La société qui exporte 7% de sa production aux Etats-Unis, ne craint pas une éventuelle hausse de la taxation des produits importés. «Au Brésil ou en Inde, nos produits sont taxés à 30%, voire plus. Si nos instruments devaient y être taxés à 2%, ça ne sera pas catastrophique, dit Eric Schnyder. La Chine sera probablement davantage taxée, pays où se trouvent nos principaux concurrents. Notre entreprise pourrait donc en bénéficier.»

Manque de vision à long terme

Enfin, une certaine «réindustrialisation» américaine semble également un scénario bien perçu par le directeur de la société familiale Sylvac. «Nous pourrons vendre davantage d’outils outre-Atlantique. Aussi bien les secteurs de l’automobile, de la connectique ou l’aéronautique auront besoin de nos instruments de mesure», anticipe Eric Schnyder. Un avis que partage Philippe Cordonnier, membre de la direction de Swissmem, qui pense que l’élection de Donald Trump profitera aux fournisseurs suisses de machines, d’appareils de production et de produits de niche dans l’aéronautique, l’automobile ou la défense.

Pour Beat Kaufmann, directeur de DC Swiss à Malleray, une PME qui produit des outils de filetage et qui exporte environ 5 à 6% de sa production aux Etats-Unis, l’arrivée de Donald Trump crée de l’incertitude à court terme, comme le Brexit. «Nous sommes dans l’attente. Le manque de vision à long terme, c’est le grand problème actuel», dit-il. Toutefois, ce patron d’entreprise qui se rend plusieurs fois par année aux Etats-Unis, garde toute sa confiance dans la démocratie américaine. Et pense que la Suisse devrait garder un avantage, grâce à ses produits de haute technologie. «Nos produits n’ont souvent pas d’équivalents outre-Atlantique où nous n’avons pas de concurrents directs. Ceux-ci se trouvent essentiellement en Allemagne et au Japon.»

Un avis que partage un patron d’une société active dans le domaine pharmaceutique mais qui préfère garder l’anonymat. «Donald Trump a affiché des postures protectionnistes. Mais les Etats-Unis ont besoin des traitements développés à plus de 50% en Europe. La maladie est sans frontière. Ainsi, les médicaments ne pourront pas être taxés davantage. En revanche, Trump ou pas, leurs prix outre-Atlantique seront amenés à baisser», dit-il.

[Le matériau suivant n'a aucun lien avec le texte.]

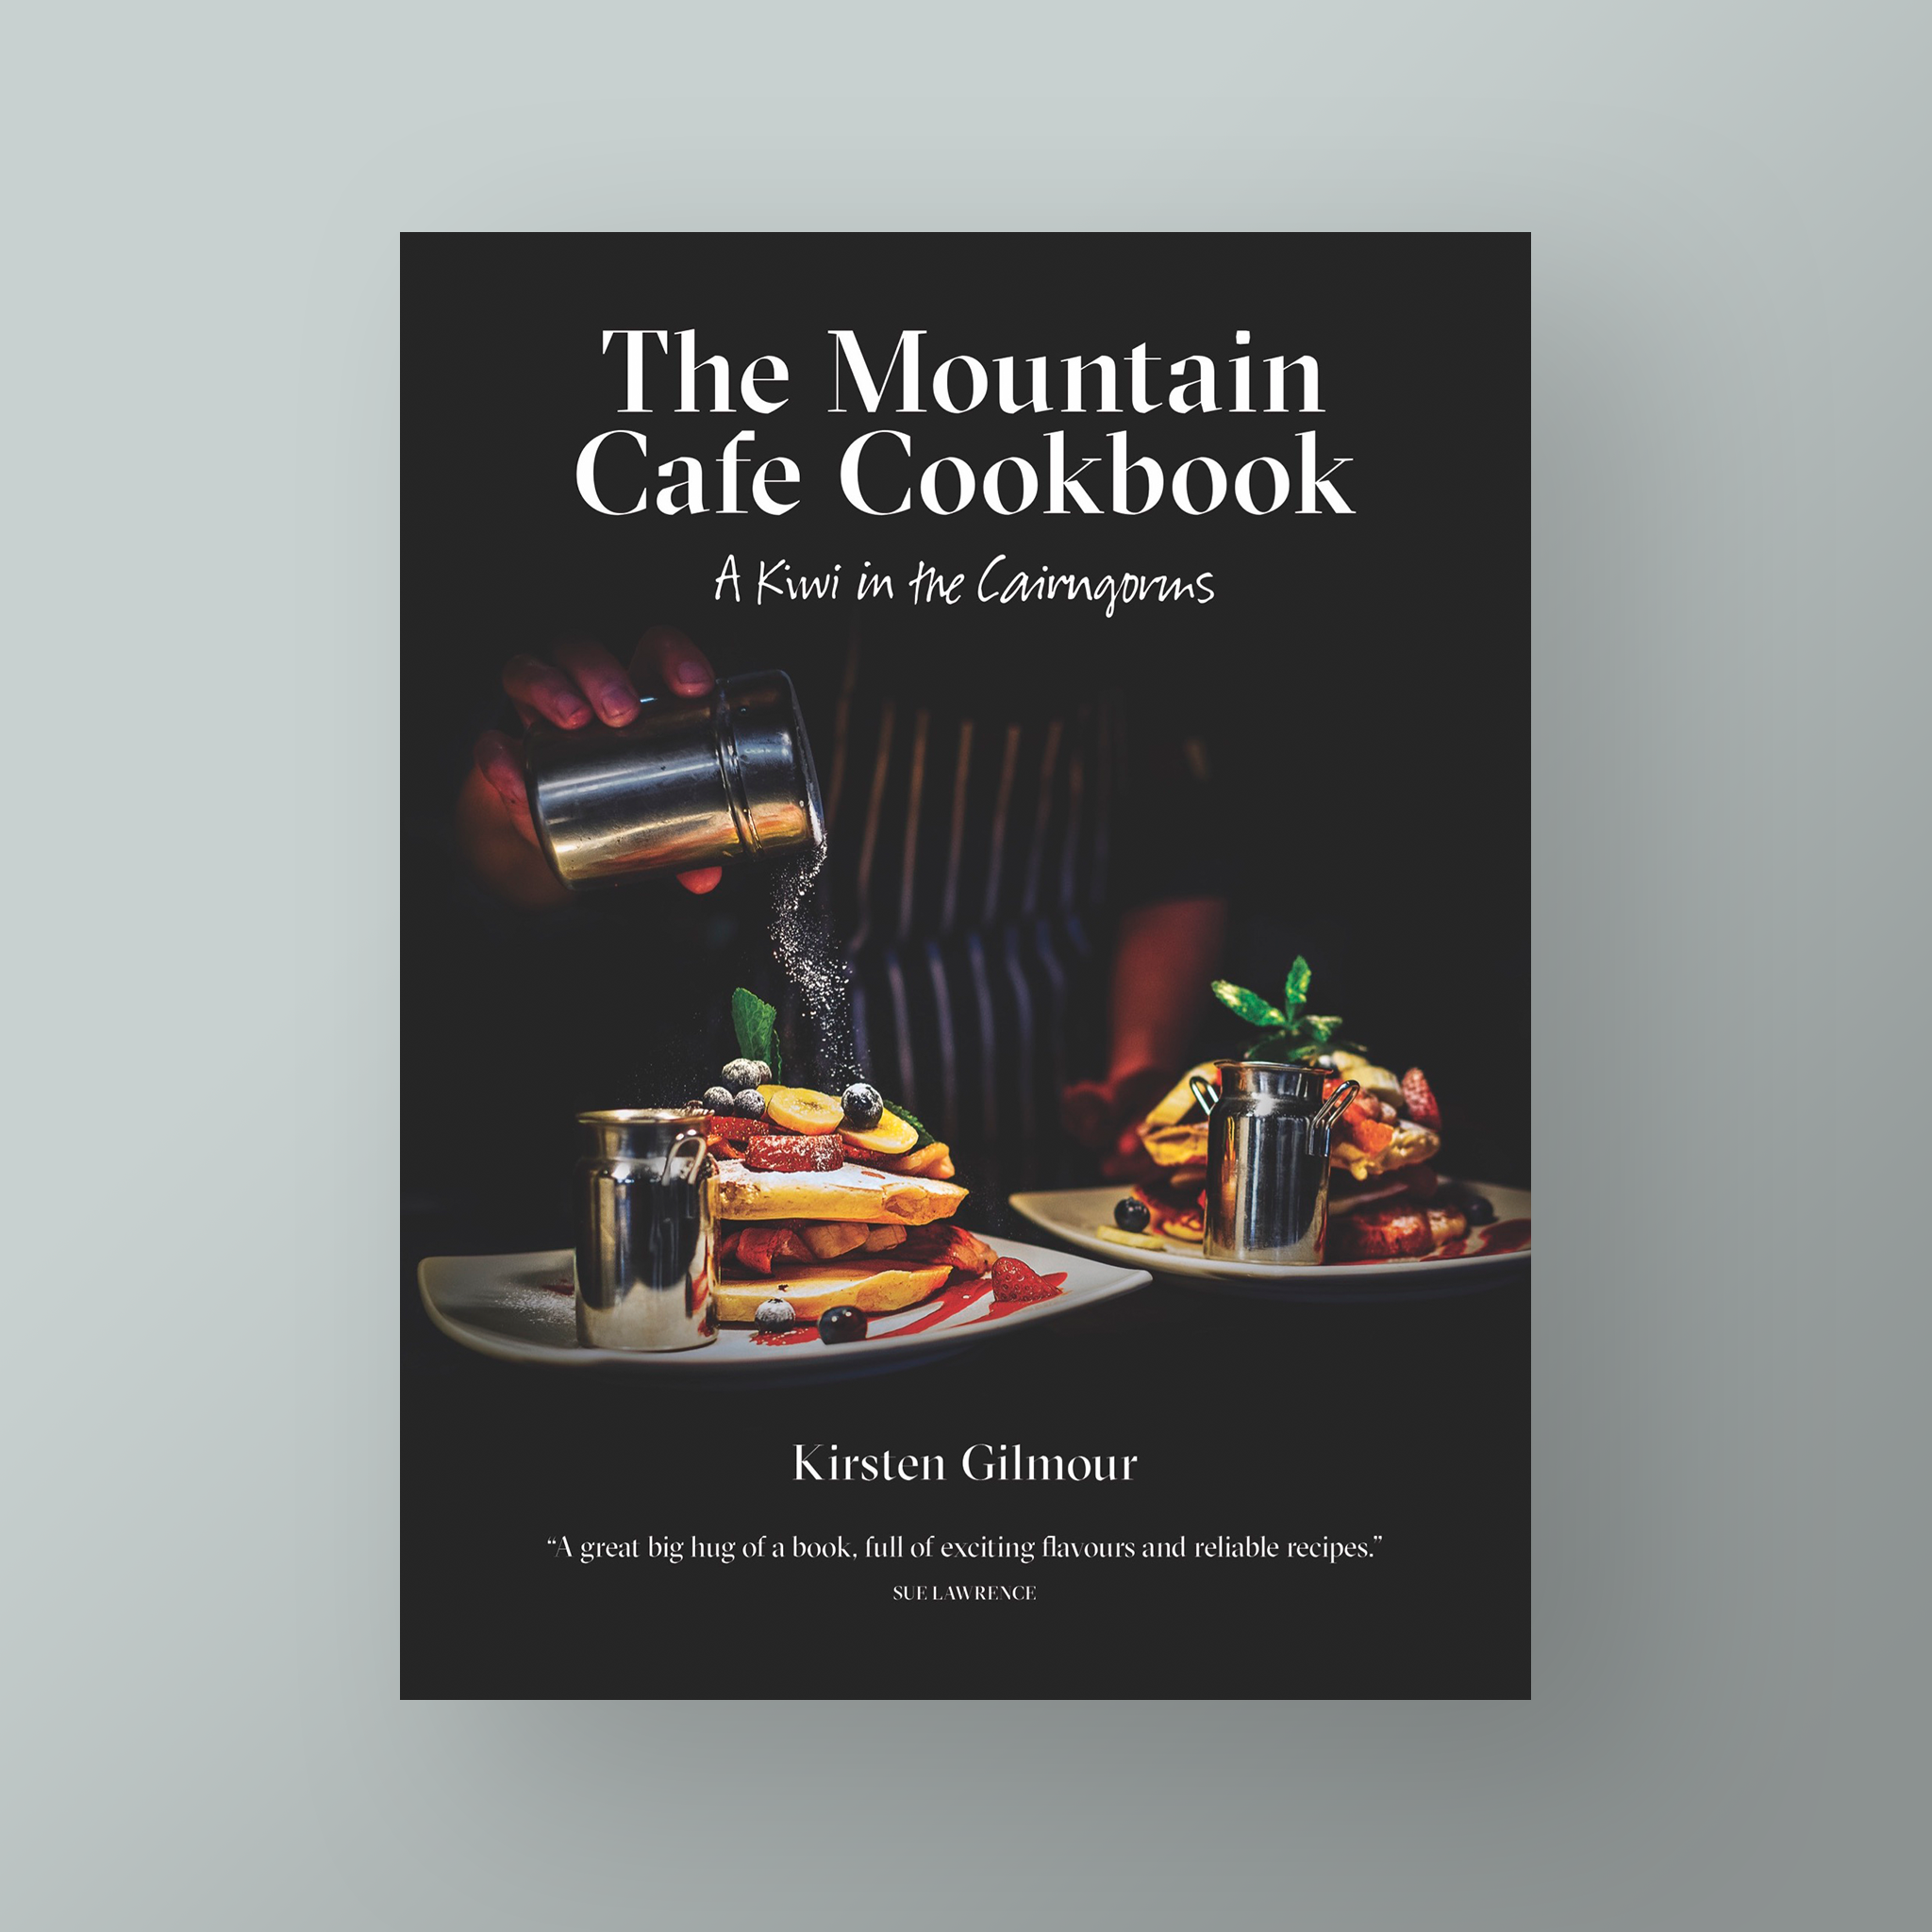 The Mountain Cafe Cookbook

«Une euphorie dépourvue de fondement»

Alors que la communauté scientifique américaine craint le pire de l’administration républicaine, Donald Trump étant perçu comme le président le plus hostile à la science, le patron de cette PME romande active dans la pharma n’affiche aucune inquiétude. Il rappelle qu’une bonne partie de la recherche aux Etats-Unis est financée par l’armée. «Cela ne devrait pas changer. Donald Trump ne va pas entraver la créativité car c’est un entrepreneur. C’est l’Europe qui devrait plutôt s’inquiéter du retard qu’elle prend, notamment dans le big data.»

Ainsi, comme le montrent également les marchés, Donald Trump semble perçu comme l’homme qui dynamisera la conjoncture. «Les marchés se sont arrangés de l’impensable avec un certain pragmatisme et ont très vite pris en compte les réflexions opportunistes, écrit Martin Neff, chef économiste de Raiffeisen. En peu de temps, une menace s’est transformée en lueur d’espoir pour les marchés, ce qui est tout de même paradoxal. Autant les craintes suscitées par une élection de Trump étaient exagérées, autant l’euphorie actuelle est également dépourvue de tout fondement.»